7. Reverse transcription reaction
Taking 11.5. Mu.L of the above DNA probe-removed product, adding 0.5. Mu.L of 40. Mu.M truncated reverse transcription primer, mixing, denaturing at 65℃for 5 minutes, immediately placing on ice, then adding 4. Mu.L of 5 XRT buffer (Thermo Fisher Co., product under the name 18090050), 1. Mu.L of 100mM DTT, 1. Mu.L of 10mM dNTPs, 1. Mu. L RiboLock RNase Inhibitor and 1. Mu. LSuperScript IV Reverse Transcriptase, mixing, and reacting at 50℃for 60 minutes, wherein the nucleotide sequence of the truncated reverse transcription primer is as follows: GCCTTGGCACCCGAGAAT (SEQ ID NO. 197).
To the reaction system, 4. Mu.L of Exoneclease I (NEB product, cat. No. M0293) and 4. Mu.L of rSAP (NEB product, cat. No. M0371) were added, and reacted at 37℃for 15 minutes. Then, 5. Mu.L of 0.5M EDTA and 7. Mu.L of 1M NaOH were added thereto, and the mixture was stirred well and reacted at 70℃for 12 minutes. cDNA purification was then performed using an Oligo Clean & Concentrator. The cDNA was obtained by eluting with 16. Mu.L of DEPC water.
8. Sequencing adapter ligation
mu.L of the cDNA obtained above was taken, and 25. Mu. L NEBNext Ultra II Q5 of 5 Master Mix (NEB Co., ltd., product No.
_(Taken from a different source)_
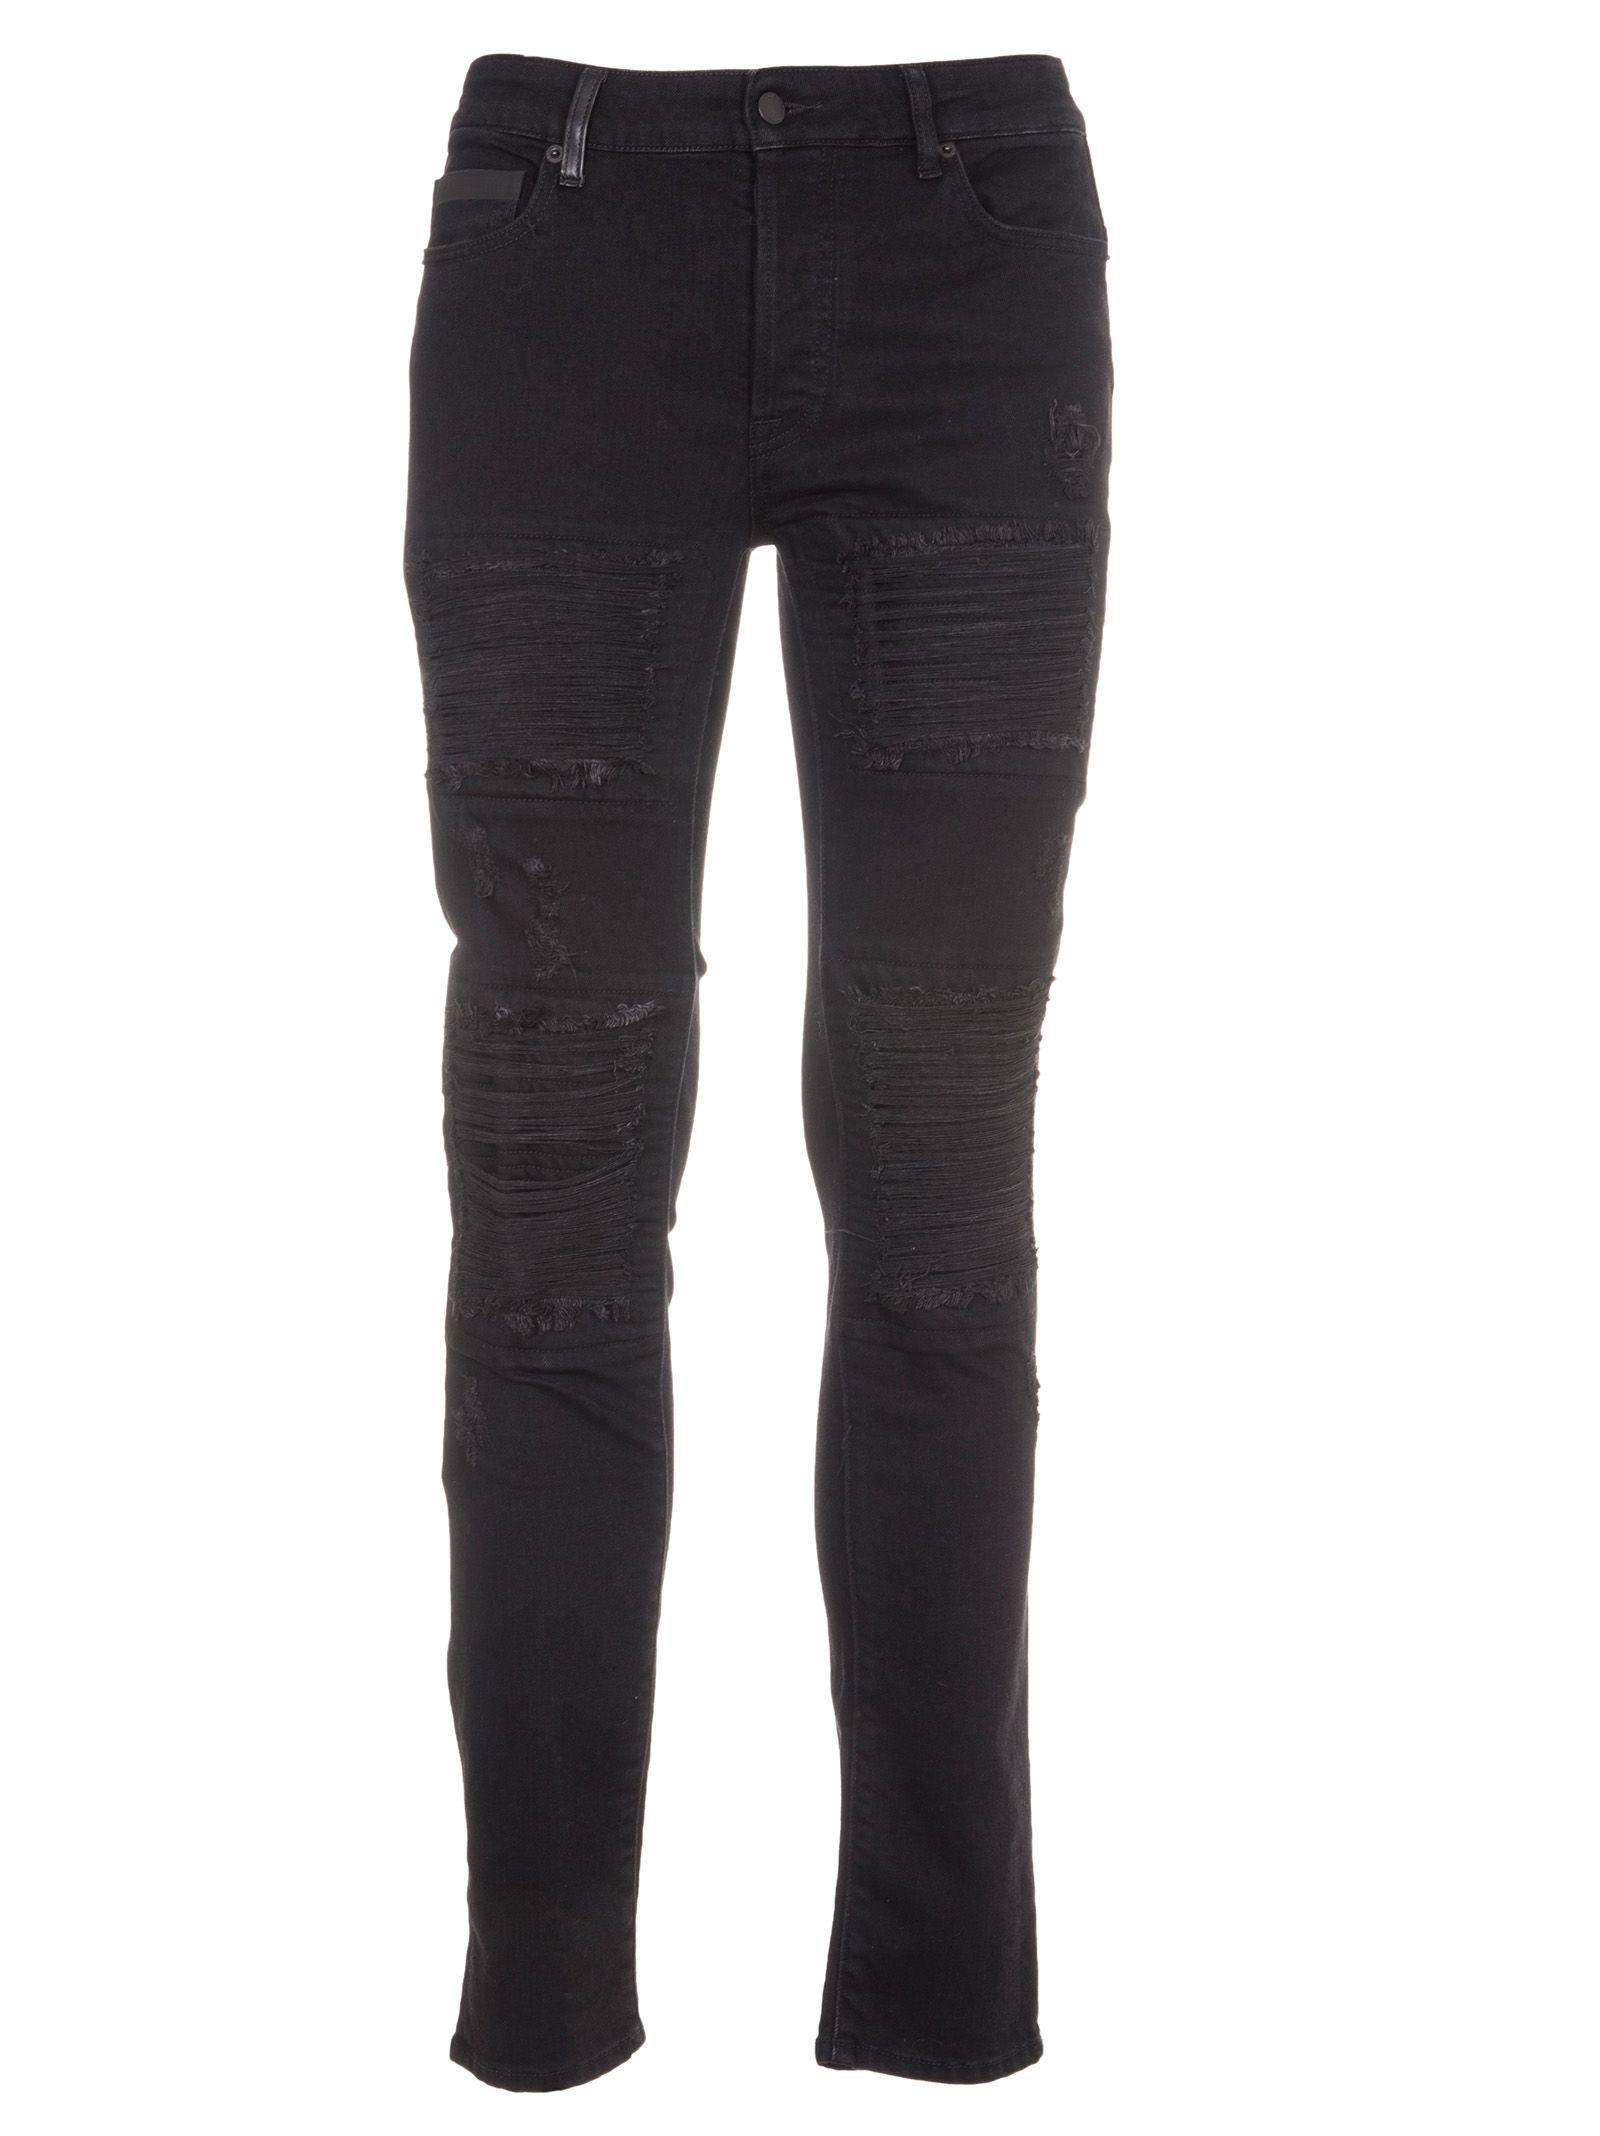 Marcelo Burlon Black Distressed Slim Jeans

M0544) 5. Mu.L of RP1 (10. Mu.M) and 5. Mu.L of RPI-X (10. Mu.M, comprising a series of primers containing different INDEXs and containing bases for anchoring 3' DNA linkers on the primers) were added to carry out PCR reaction.
Wherein the primer sequences of RP1 and RPI 1-12 are shown in Table 3.
Table 3: primer sequences
Note that: the underlined parts of the table are the inserted INDEX sequences and the part is the thio modification.
The PCR reaction procedure was: pre-denaturation at 98 ℃ for 30 seconds; 15 cycles: denaturation at 98℃for 10 sec, annealing at 65℃for 75 sec; extending at 65deg.C for 5 min, and preserving at 4deg.C.
After completion of the PCR reaction, purification was performed using DNA Clean & Concentator-5, elution was performed with 20. Mu.L of enzyme-free water, then electrophoresis was performed using 4% low melting agarose, bands ranging from 150 to 700bp were recovered using Zymoclean Gel DNA Recovery Kit, then elution was performed with 18. Mu.L of DEPC water, and concentration measurement was performed on the recovered products of the gel using NanoDrop, thereby obtaining a sequencing library.
After the sequencing library is obtained, PE150 double-end sequencing is carried out on the sequencing library by using a Illumina Hiseq Xten sequencer, and the double ends of non-coding RNA are identified and the full-length sequence of the non-coding RNA is analyzed.
Example 2 construction method of PEN-seq sequencing library
The PEN-seq sequencing library in this example was constructed using total RNA from stably knocked down 15.5K HEK293T cells and sequenced, including the following procedures.
Culture of stable knockdown 15.5K HEK293T cells
In HEK293T cells, a cell line (sh15.5K-1, sh15.5K-2 and control shNC) that induces silencing of 15.5K was constructed in the manner of miR-E as described in the published article (Fellmann, C., et al An optimized microRNA backbone for effective single-copy RNAi. Cell Rep,2013.5 (6): p.1704-13.). The three cells were inoculated into a 6-well plate, and after culturing for 24 hours, doxycycline (product of Selleck Co., ltd., product No. S5159) was added at a final concentration of 3. Mu.M, and culturing was continued for 48 hours.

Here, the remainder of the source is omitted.